Since its founding in 1973, the ESA has had widespread support since it has prevented the extinction of 99 percent of listed species. Republican U.S. Senator Clifford Hansen and Democratic U.S. Senator Gale McGee and U.S. Representative Teno Roncalio all voted in favor of it.
There has been an uptick in criticism of the ESA recently, particularly from Republicans. In 2011, a rider attached to the federal budget bill transferred the control of wolves in Montana and Idaho back to the respective states. The greater sage grouse is an endangered species whose stronghold is Wyoming.
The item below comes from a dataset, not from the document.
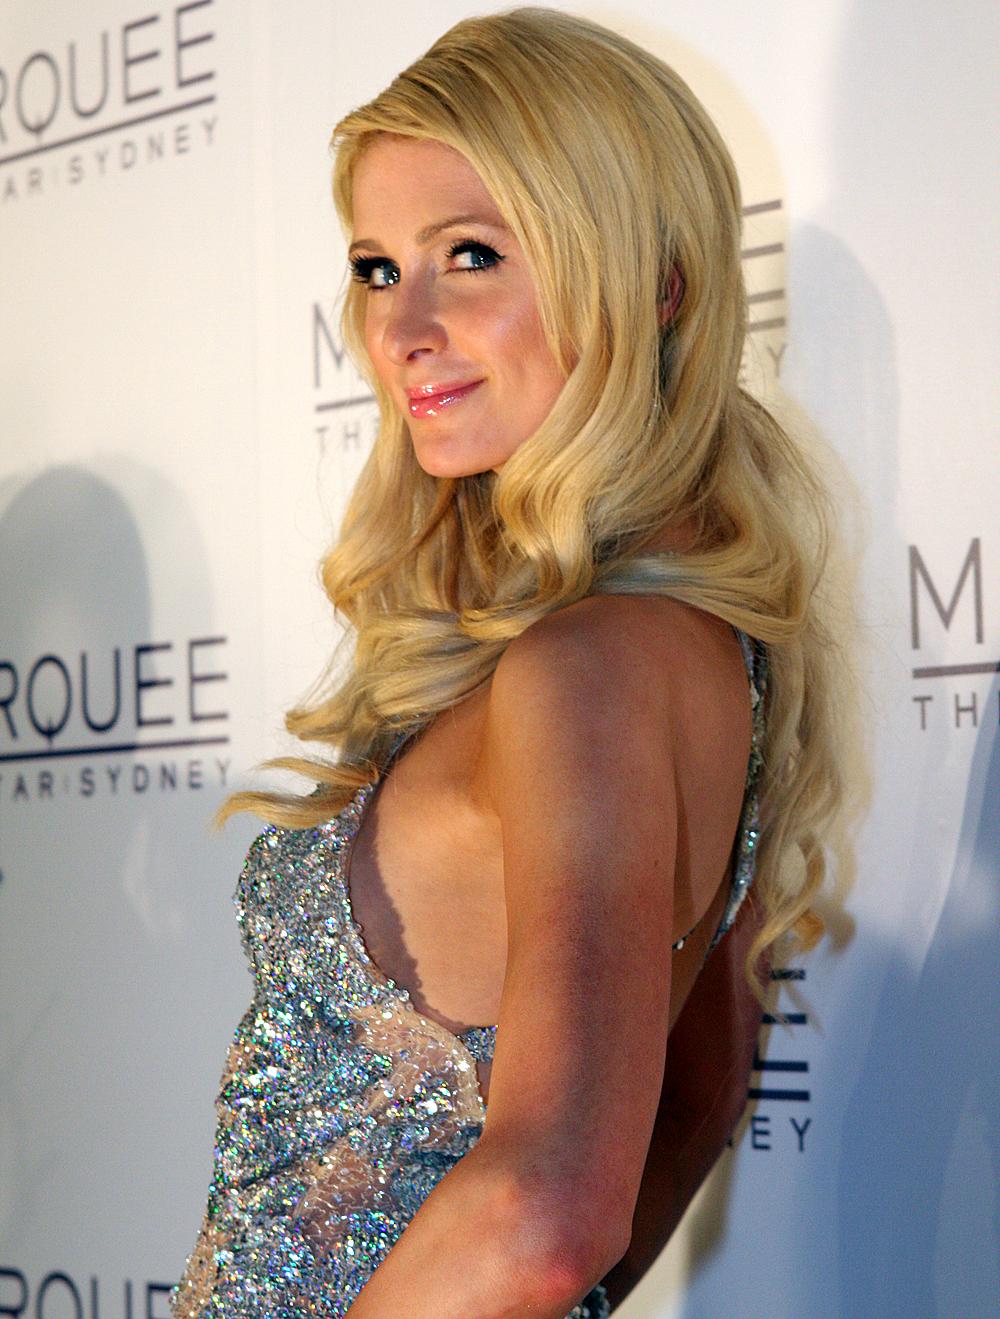 File:Paris Hilton 2012.jpg - Wikipedia, the free encyclopedia Paris Hilton

But, Congress has placed clauses in budget bills prohibiting spending money on species listing.
Environmental law firm Earthjustice’s managing attorney Tim Preso told WyoFile that efforts by Congress to legislate around the ESA are “troubling.”
“With these delisting actions, the history has been — it’s not just based on speculation — that the states don’t step in to be guardians,” Preso said. “They’ve stepped in to ramp up the persecution [of formerly protected species], and that’s why the Endangered Species Act is so important for species like these.”
If Wyoming’s petition is granted, the 1,069 grizzly bears in the Yellowstone area would be reduced to 932 by k*lling. On Thursday, Chris Servheen, a former grizzly bear recovery coordinator for the Fish and Wildlife Service, said he was the primary advocate for delisting grizzlies during the first effort.
Once states passed laws encouraging “aggressive, indiscriminate wildlife hunting practices into grizzly bear habitat,” he altered his mind. “The lack of adequate regulatory mechanisms [protecting grizzlies and wolves] is due to political interference in the management of wildlife,” Servheen said.
The director of Wyoming Game and Wildlife disagreed with Servheen’s analysis. “I would certainly disagree,” Nesvik testified. “We have gone to great lengths to ensure that we have laws and regulations on the books that very conservatively manage grizzly bears within the core of their suitable habitat.”